A common implementation mistake would be to check only m + k >= 2 * n, which ignores the requirement that each participant must receive both items simultaneously. Another mistake would be to subtract greedily from a combined pool, which incorrectly allows mixing resources.
Worked Examples
Example 1
Input:
5 8 6
| Step | n | m | k | m ≥ n | k ≥ n | Decision |
|---|---|---|---|---|---|---|
| Initial | 5 | 8 | 6 | - | - | - |
| Check pens | 5 | 8 | 6 | True | - | - |
| Check notebooks | 5 | 8 | 6 | True | True | Yes |
Both resources exceed or match the required number of participants, so every participant can receive both items.
Example 2
Input:
3 9 3
| Step | n | m | k | m ≥ n | k ≥ n | Decision |
|---|---|---|---|---|---|---|
| Initial | 3 | 9 | 3 | - | - | - |
| Check pens | 3 | 9 | 3 | True | - | - |
| Check notebooks | 3 | 9 | 3 | True | True | Yes |
Even though pens are abundant, notebooks exactly match the requirement, which is still sufficient.
This confirms that equality is acceptable and only strict deficiency causes failure.
Complexity Analysis
| Measure | Complexity | Explanation |
|---|---|---|
| Time | O(1) | Only two comparisons are performed regardless of input size |
| Space | O(1) | No additional data structures are used |
The constant-time nature fits easily within the constraints, as the input size is trivial and no iteration over participants is required.
Test Cases
import sys, io
def run(inp: str) -> str:
sys.stdin = io.StringIO(inp)
n, m, k = map(int, sys.stdin.readline().split())
return "Yes" if m >= n and k >= n else "No"
# provided samples
assert run("5 8 6") == "Yes"
assert run("3 9 3") == "Yes"
# custom cases
assert run("1 1 1") == "Yes"
assert run("1 0 1") == "No"
assert run("10 100 9") == "No"
assert run("100 100 100") == "Yes"
| Test input | Expected output | What it validates |
|---|---|---|
| 1 1 1 | Yes | Minimum valid case |
| 1 0 1 | No | Failure due to pens |
| 10 100 9 | No | Failure due to notebooks |
| 100 100 100 | Yes | Maximum balanced case |
Edge Cases
One important edge case is when one resource exactly equals n while the other is much larger. For example, n = 4, m = 4, k = 100. The algorithm checks m ≥ n and k ≥ n, so it returns True. This matches reality because every participant still requires one notebook regardless of surplus pens.

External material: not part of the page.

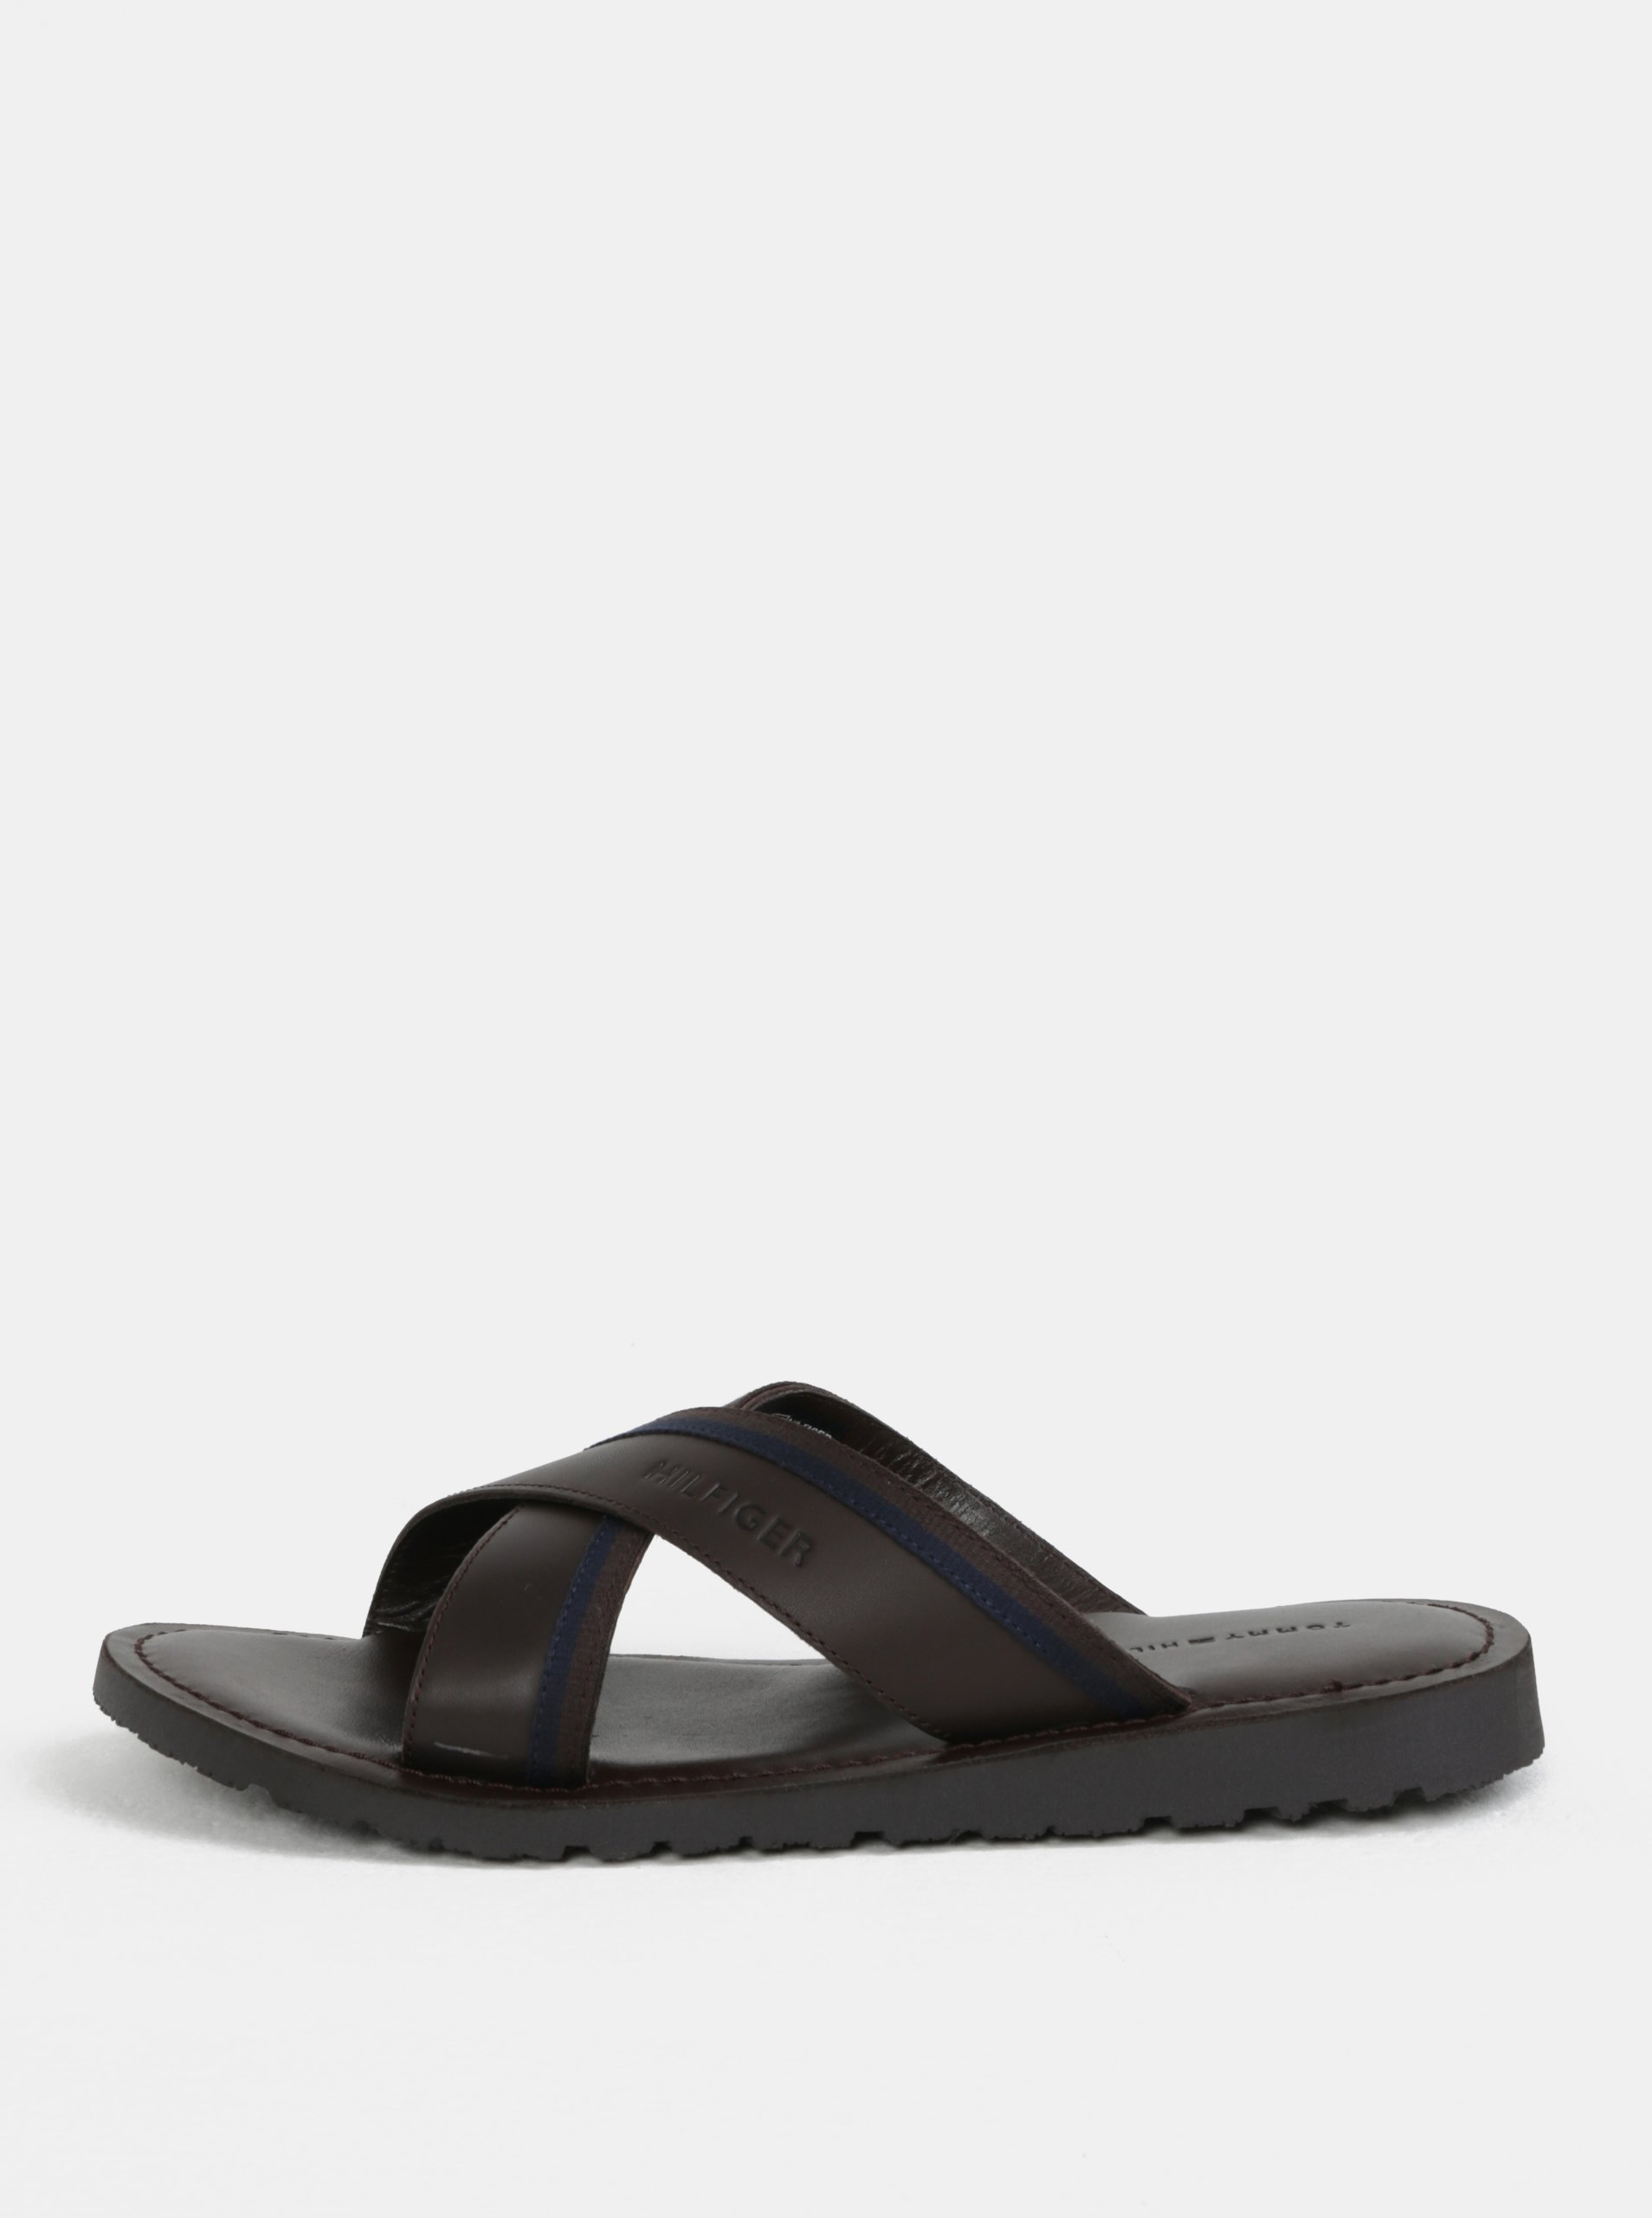 Tmavě hnědé pánské kožené pantofle Tommy Hilfiger b0902f9d7db

Another edge case is when both resources are large in total but unbalanced per category, such as n = 10, m = 19, k = 1. Even though m + k is 20 which exceeds 2n, the algorithm correctly returns No because k < n. Step-by-step, the notebook check fails immediately, preventing an invalid distribution.
A final edge case is the smallest input n = 1, m = 0, k = 1. The pen condition fails, so the algorithm outputs No, which matches the fact that even a single participant cannot be fully equipped.